(— Откуда он знает, что она просто не выдумывает это? — пробормотал смолбой Сару́. — Она просто строчит, стонет и смотрит в потолок. Она даже не останавливается, чтобы подумать.
— Молчи, дурак, — сказал представитель Торговой Семьи, мистер Тайн, — если не хочешь, чтобы у тебя под языком появились нарывы, ты бы увидел крокодильи сны или попал бы под еще какое-нибудь мерзкое проклятие. Она самая известная ведьма в Торговом Флоте.
— Она никогда не колдовала передо мной, — сказал Сару́.
— Считай, что тебе повезло, — проворчал Тайн.) Теперь к вопросу о твоих «достижениях». «Чатранд» благополучно пересек Неллурок. Что из того? Ты не первый, кто совершает этот переход. Один только Великий Корабль пересек Правящее Море тридцать раз за свои шестьсот лет. Я не стану позорить тебя дешевыми поздравлениями. Кроме того, в вопросах дисциплины твое поведение весьма сомнительно.
(— Она даже не смотрит на бумагу, — прошептал Нипс Мариле. — Я не могу понять, как она пишет прямыми строчками.) Это очень хорошо — приговорить мятежников к смертной казни. Ты помнишь, что я приветствовал это решение. Но после вынесения такого приговора откладывать нельзя. Меня просто поражает, что Паткендл & Ко все еще свободно разгуливают по твоему кораблю. Ты говоришь, чтобы они оказали тебе определенные услуги: а именно, сдержали мага с помощью страха и, возможно, отвлекли Сандора Отта от более вредоносного вмешательства в твои дела. Чепуха. Убей их. Извлеки Нилстоун из руки Шаггата и повесь их в течение часа. На каком-то этапе тела должны накапливаться, если ты хочешь обнаружить хранителя заклинаний, того, чья смерть возвратит статуе человеческий облик.
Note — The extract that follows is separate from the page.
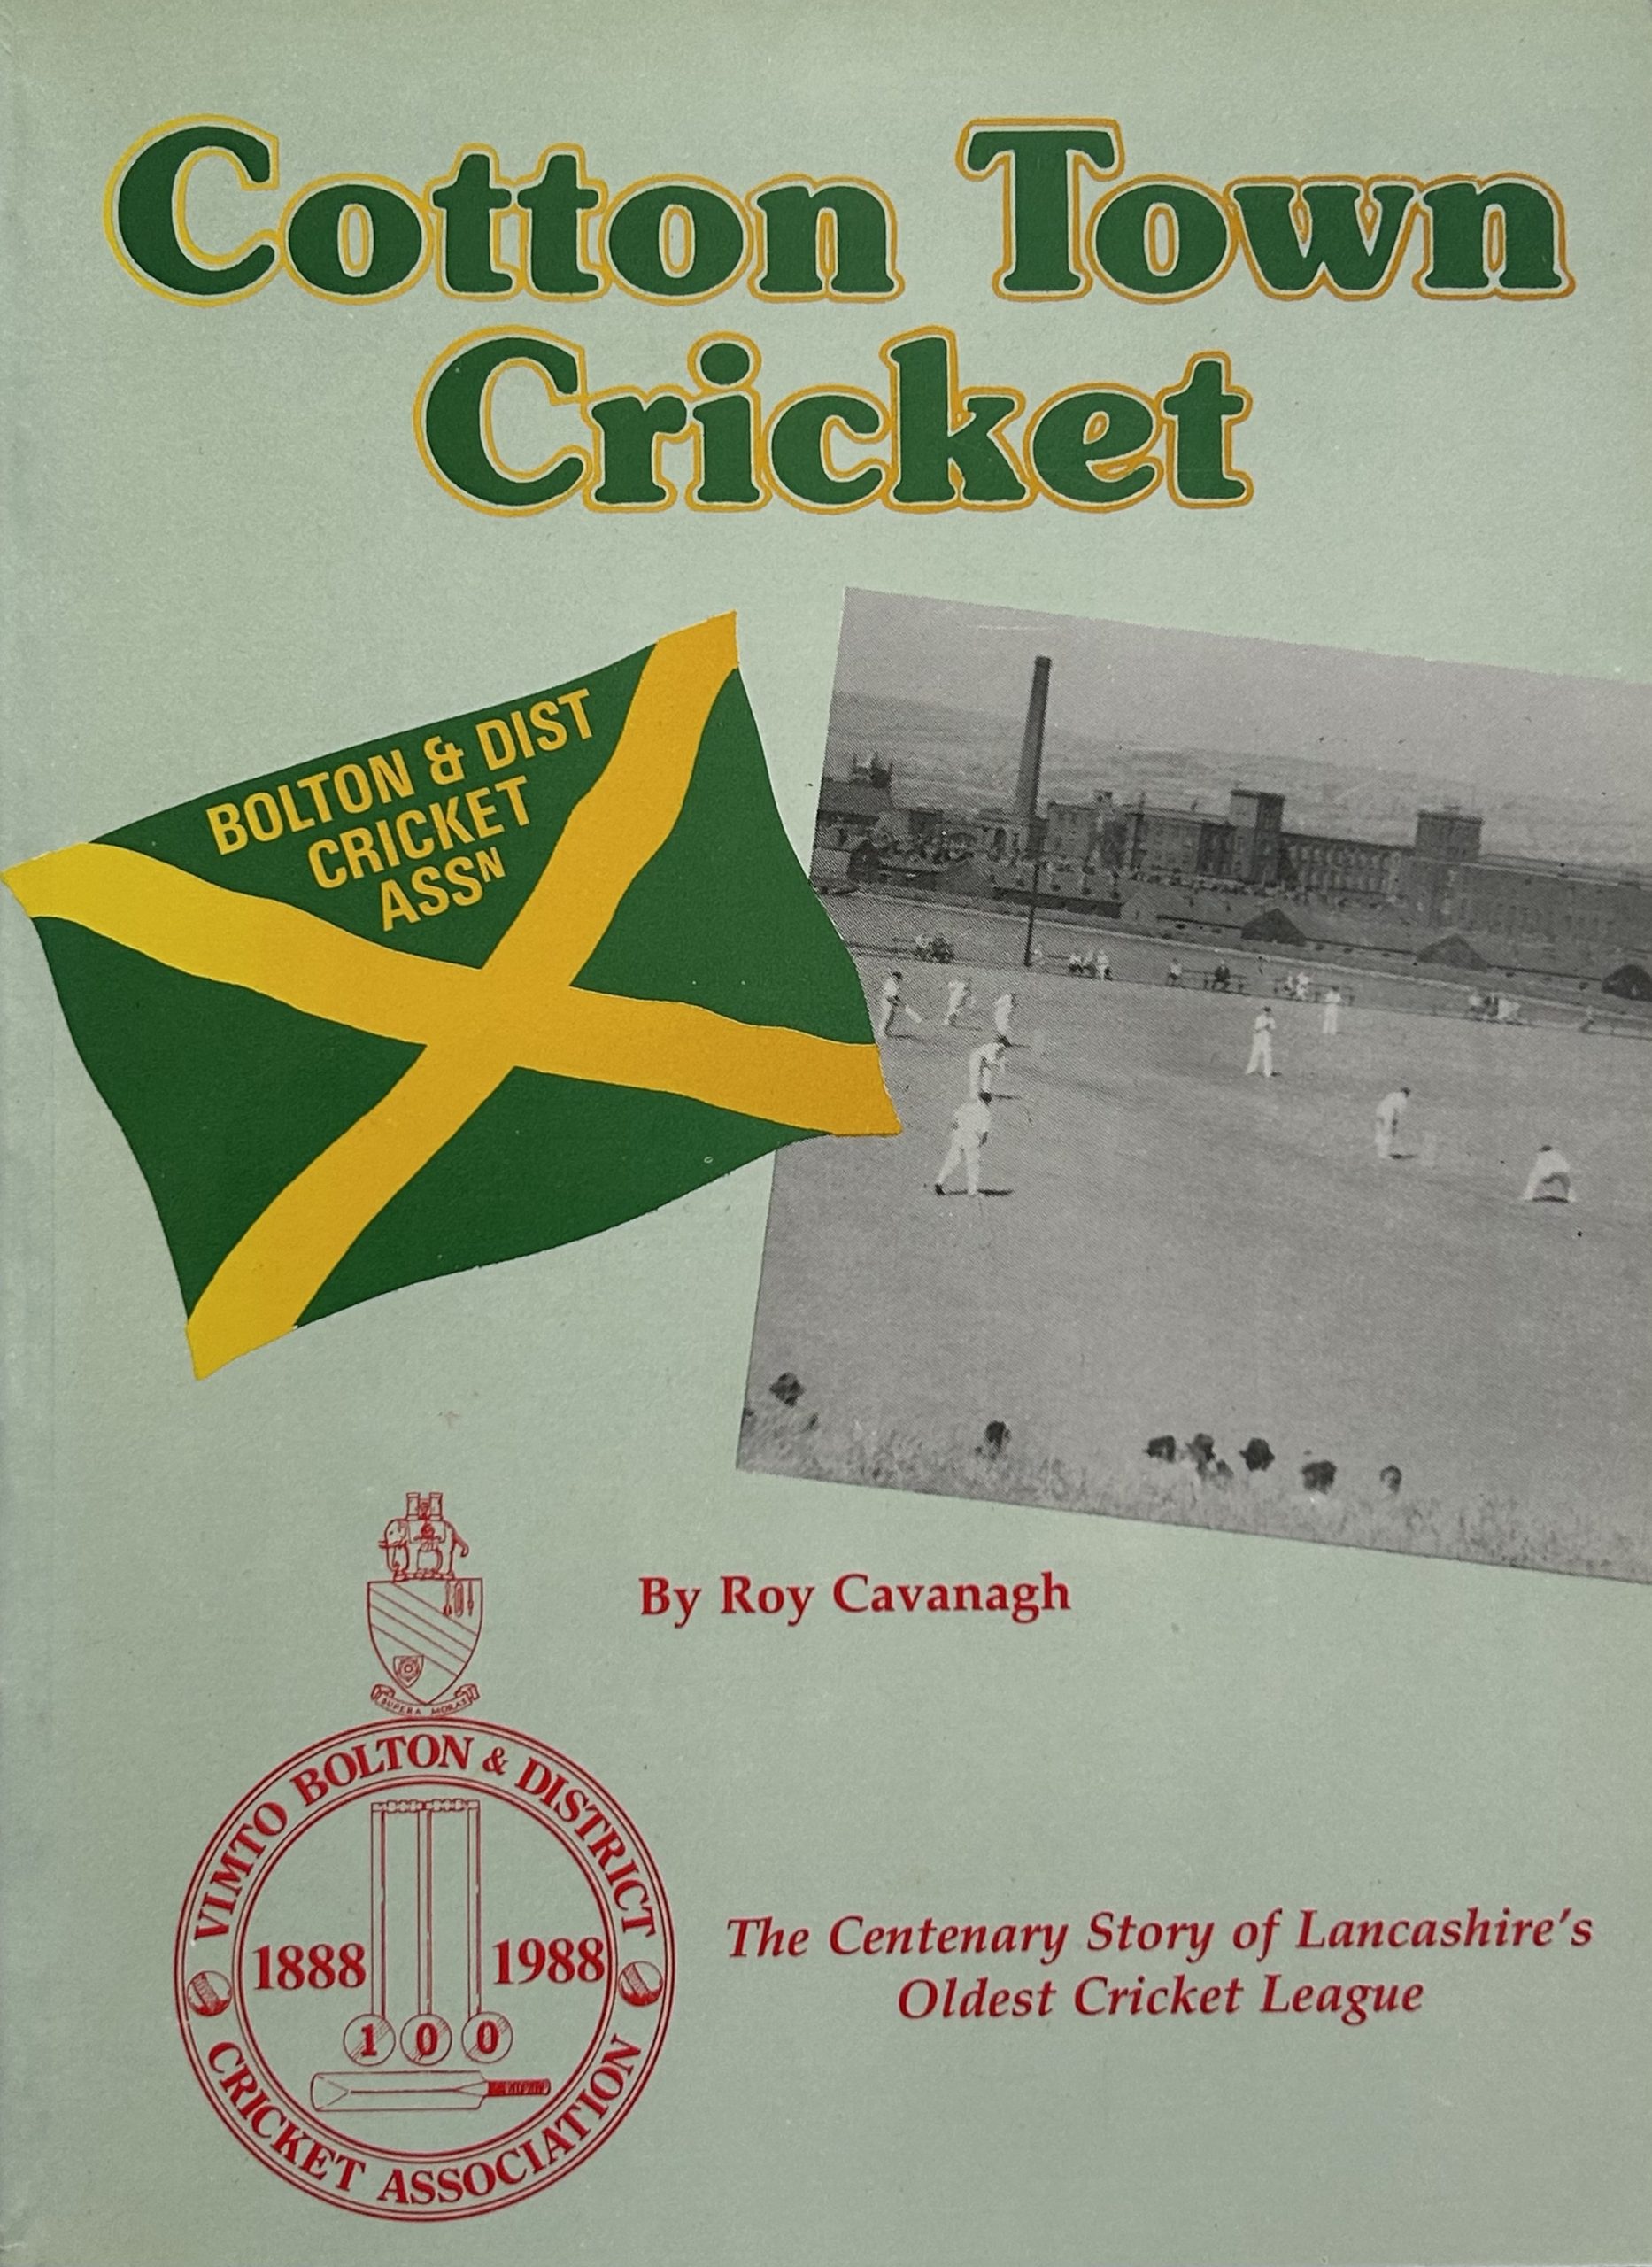 Cotton Town Cricket: Bolton & District Cricket Association - the Centenary Story

(— Я бы хотел, чтобы она применила свои колдовские навыки, чтобы найти утечку, — сказал Элкстем, — или выяснить, куда в Алифросе нам следует направиться.
— Или вытащить нас из этой вонючей ловушки, — сказал Круно Бернскоув.) Другое твое оправдание для помилования еще более убогое. Ты говоришь, что был избран «духом-хранителем», который целую вечность жил в алом волке. Арунис расплавляет волка; расплавленное железо разливается и обжигает тебя; твой ожог напоминает ожоги негодяев-мятежников. И это влечет за собой общую судьбу? Тебе не приходило в голову, Нилус, что ты валяешь дурака?
(— Мистер Фиффенгурт сказал мне, что она перестала колдовать, — прошептал Нипс. — Он думает, что, должно быть, что-то пошло не так, сильно не так, раз она все это прекратила. Но я задаю себе вопрос, не приберегает ли она себя для нужного момента. Говорю тебе, она смертельно опасна. Просто посмотри на нее.) Если я клеймлю вола своими инициалами, придаю ли я ему какую-то высшую цель? Если шесть таких животных бродят внутри стада, служат ли они хранителями, «совестью» (слово слабака) для остальных? У тебя есть все цели, к которым достойно стремиться моему сыну. Когда ты станешь губернатором Кесанса, когда твои дети принесут тебе мешки с золотом из своих поместий, когда твои бастарды уничтожат всех твоих врагов, твои имперские солдаты будут собирать налоги, а твои куртизанки будут соревноваться, чтобы доставить тебе удовольствие — вот тогда напиши мне о судьбе. До того дня я это запрещаю. Что касается твоей матери...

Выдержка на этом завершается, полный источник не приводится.